По шоссе еще катился поток беженцев. Шли дети, старики, шли женщины, выбившиеся из сил, тащили детей и небольшие свои пожитки. По обочинам валялись изуродованные машины, какие-то ящики. А по магистрали МинскМосква скрежетала немецкая техника. Казалось, вся наша жизнь была растоптана, как те поломанные ящики у дороги.
Моя спутница рассказала о себе, что муж ее уехал о командировку в Западную Белоруссию, где его застала война. Дочь уехала с детсадом на дачу, и о ней нет никаких вестей. Сама Мария после бомбежки и пожара осталась без крова с четырехлетним сынишкой.
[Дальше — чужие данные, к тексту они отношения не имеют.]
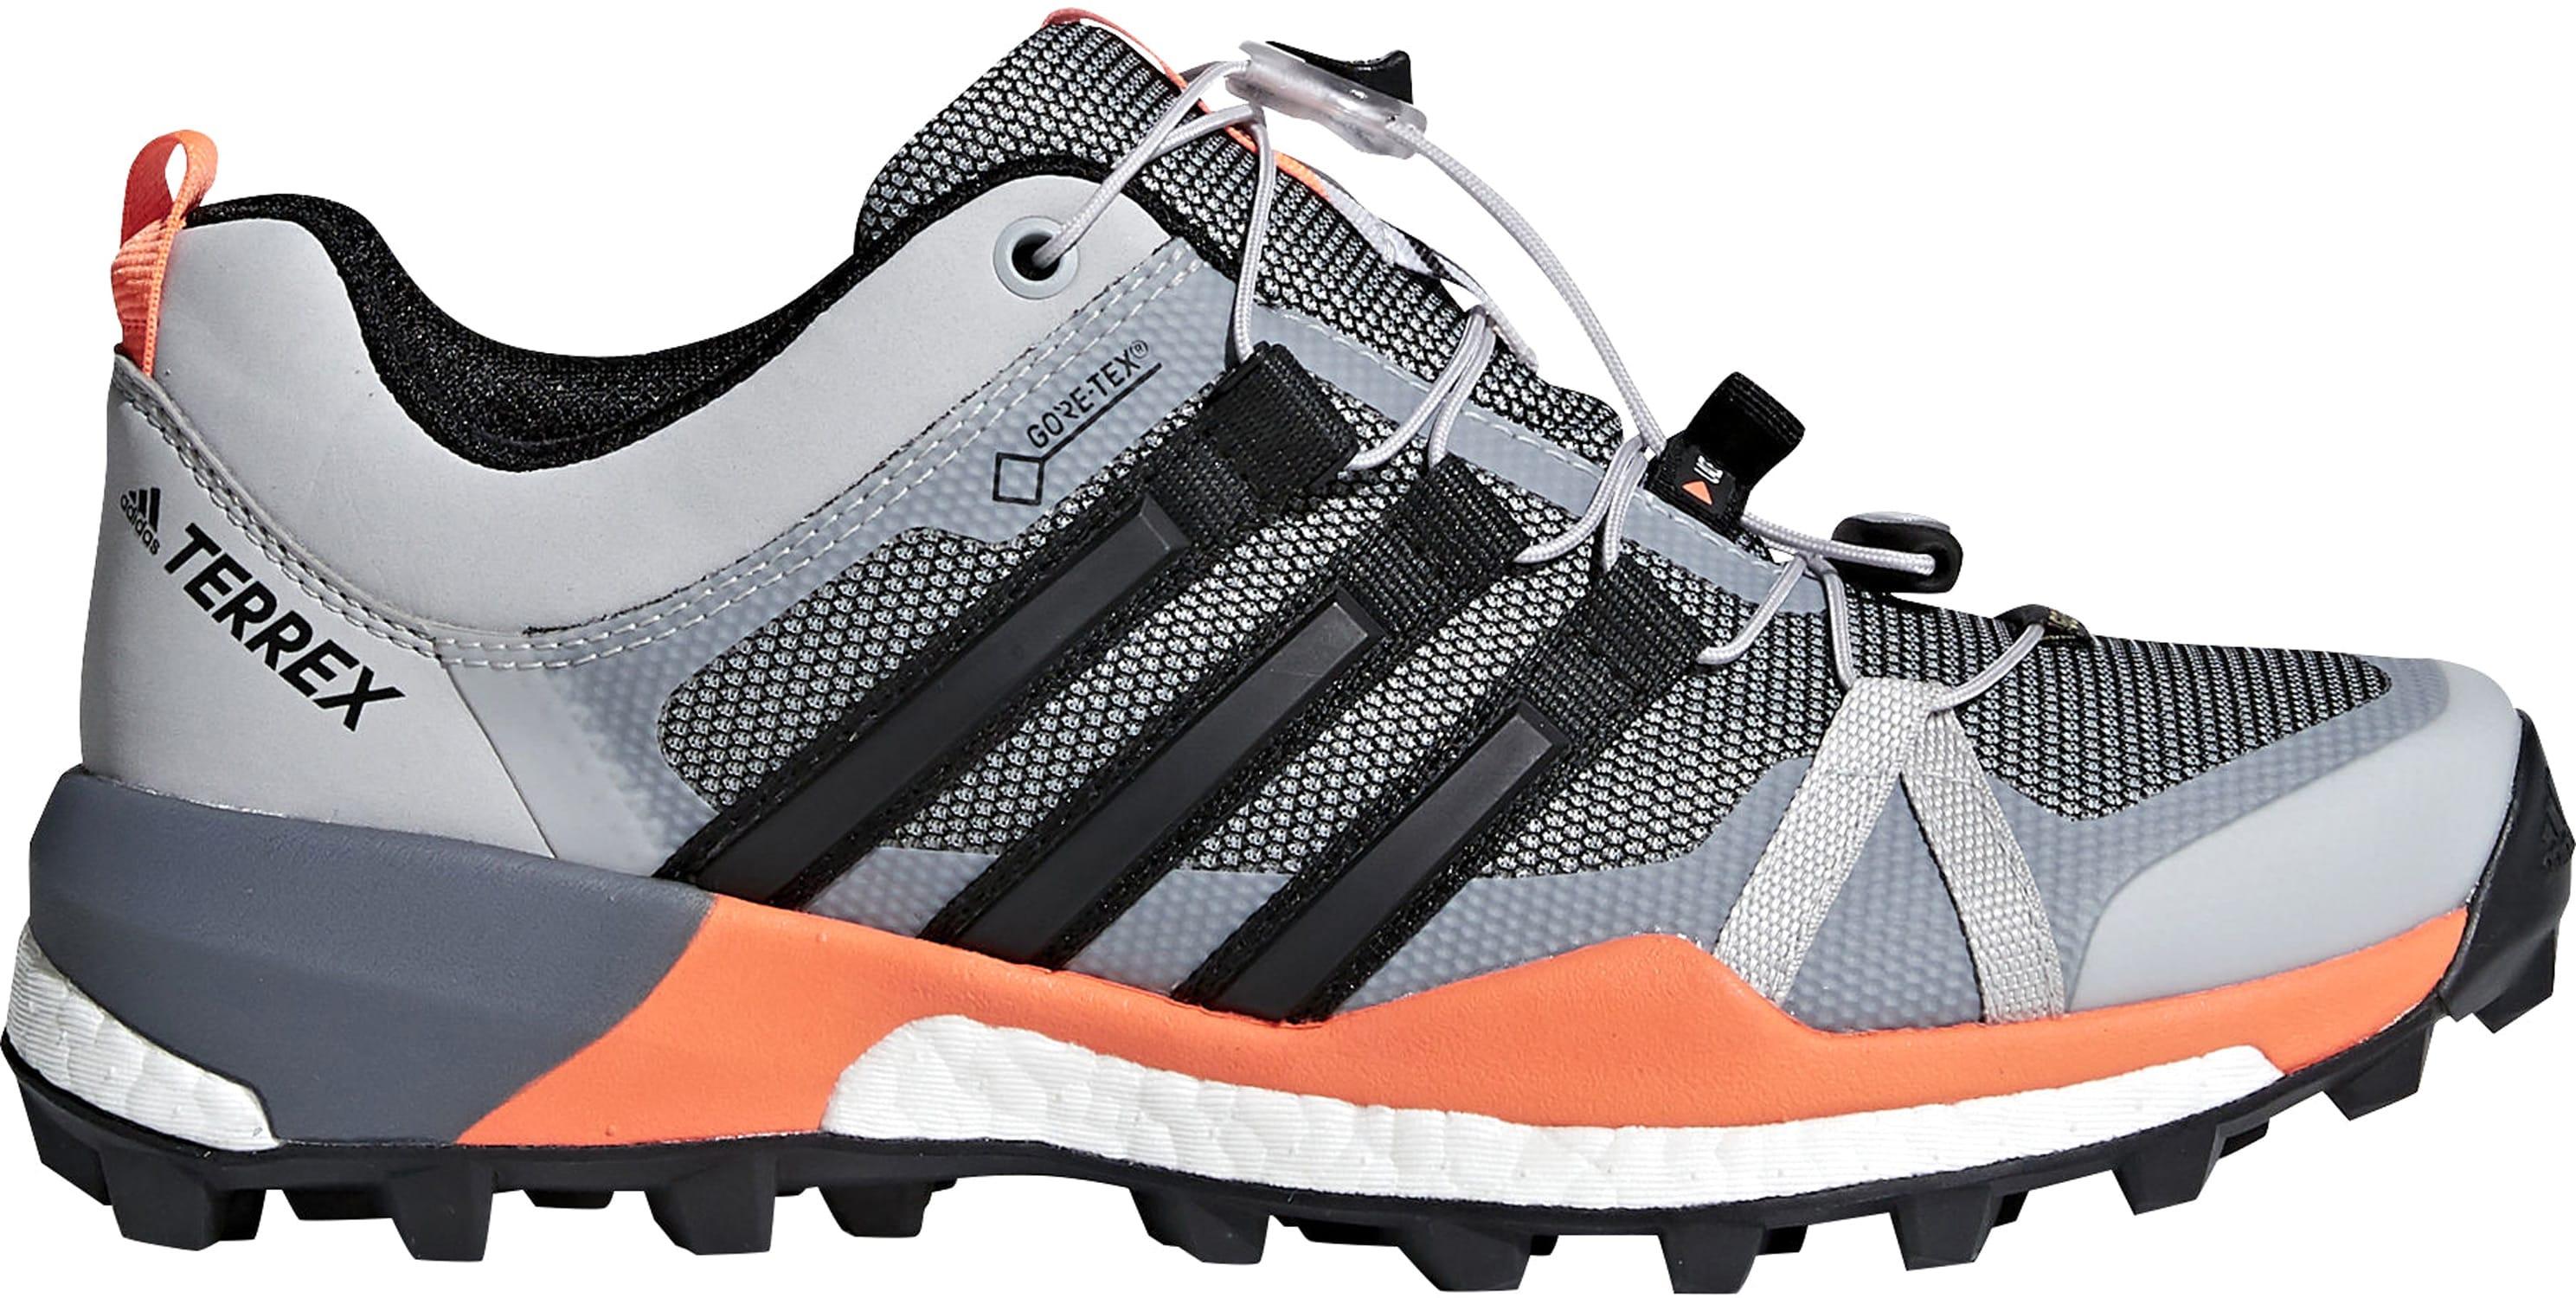 Adidas Terrex Skychaser Gtx Hiking Shoes Womens

Соседка по квартире Катя предложила идти к ее родным в Смолевичи. Мария воспользовалась этим предложением, чтобы приютить сына, а самой заняться розысками дочери. Вот уже второй раз идет она в Минск, ищет знакомых, спрашивает каждого о детях из детсада, но все тщетно.
После того раза Мария ходила в Минск еще не раз и не два. Она наладила связи и начала приносить в Смолевичи сводку Совинформбюро. Рабочие бывшего совхоза имени Ленина (совхоз тогда сразу переделали в немхоз) в эти самые тяжелые первые дни узнали от Марии, что Красная Армия не сломлена, что против фашистов поднялся весь народ и борьба не окончена, а только начинается. Немцы не будут у нас хозяевами.
Как много значили тогда эти слова! Я и сейчас слышу ее спокойный, уверенный голос. Как будто сама Советская власть ободряла нас. Мы поняли, что Мариякоммунистка.
Катя и ее родные были поволжскими немцами и оказались предателями. От их гостеприимства Мария отказались, и в тот же день управляющий немхоза пан Кизнер отстранил ее от работ и распорядился арестовать. Ее нашли и тогда забрали четырехлетнего сына Марии заложником.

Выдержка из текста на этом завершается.